A new unit at the Center for Internet Security is focused on merging cyber and physical security to aid governments in dealing with emerging threats, security experts Will Pelgrin and Rich Licht say.
The new unit, known as the Integrated Intelligence Center, takes an integrated approach and facilitates trusted relationships between the government private-sector entities to develop and disseminate critical information, says Pelgrin, founder and chief executive officer at the CIS.
The goal, according to Licht, executive director for the Integrated Intelligence Center, is to leverage the information CIS has through the Multi-State Information Sharing and Analysis Center and couple that with the information provided by participating partners to offer actionable intelligence products.
"There's a lot of information out there," Pelgrin says in an interview with Information Security Media Group [transcript below]. "Let's put it in a way that's very useful, because sometimes too much information doesn't allow it to move into that action step."

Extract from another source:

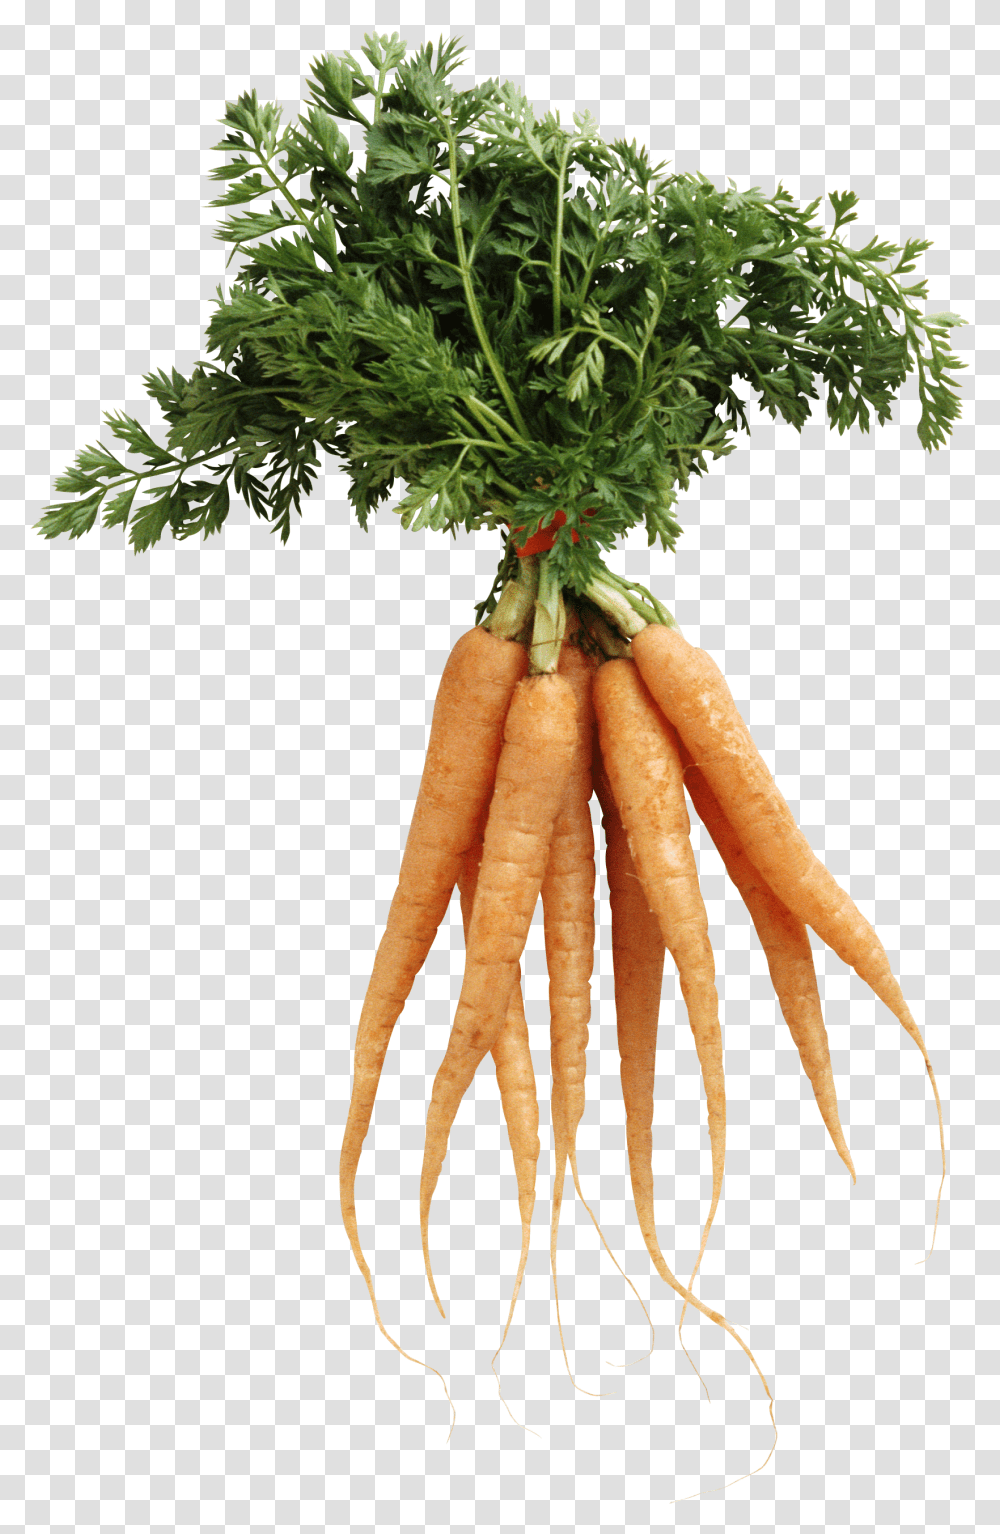 Carrot, Vegetable, Plant, Food, Lobster Transparent Png

No longer can physical and cybersecurity be looked at separately, Licht says, since an attack on an organization's systems can cause physical infrastructure to fail.
"We want to be in a position to have a warning," Licht says. "Being able to sound a warning and being able to do that with a degree of efficiency ... allows people to put their resources in the right place at the right time."
In the interview, Pelgrin and Licht discuss the:
- Evolution of the merging of cybersecurity and physical security;
- Importance of creating the Integrated Intelligence Center;
- Leveraging of information from the Multi-State Information Sharing and Analysis Center, another Center for Internet Security division, to help the new unit provide analysis and actions to defend against threats.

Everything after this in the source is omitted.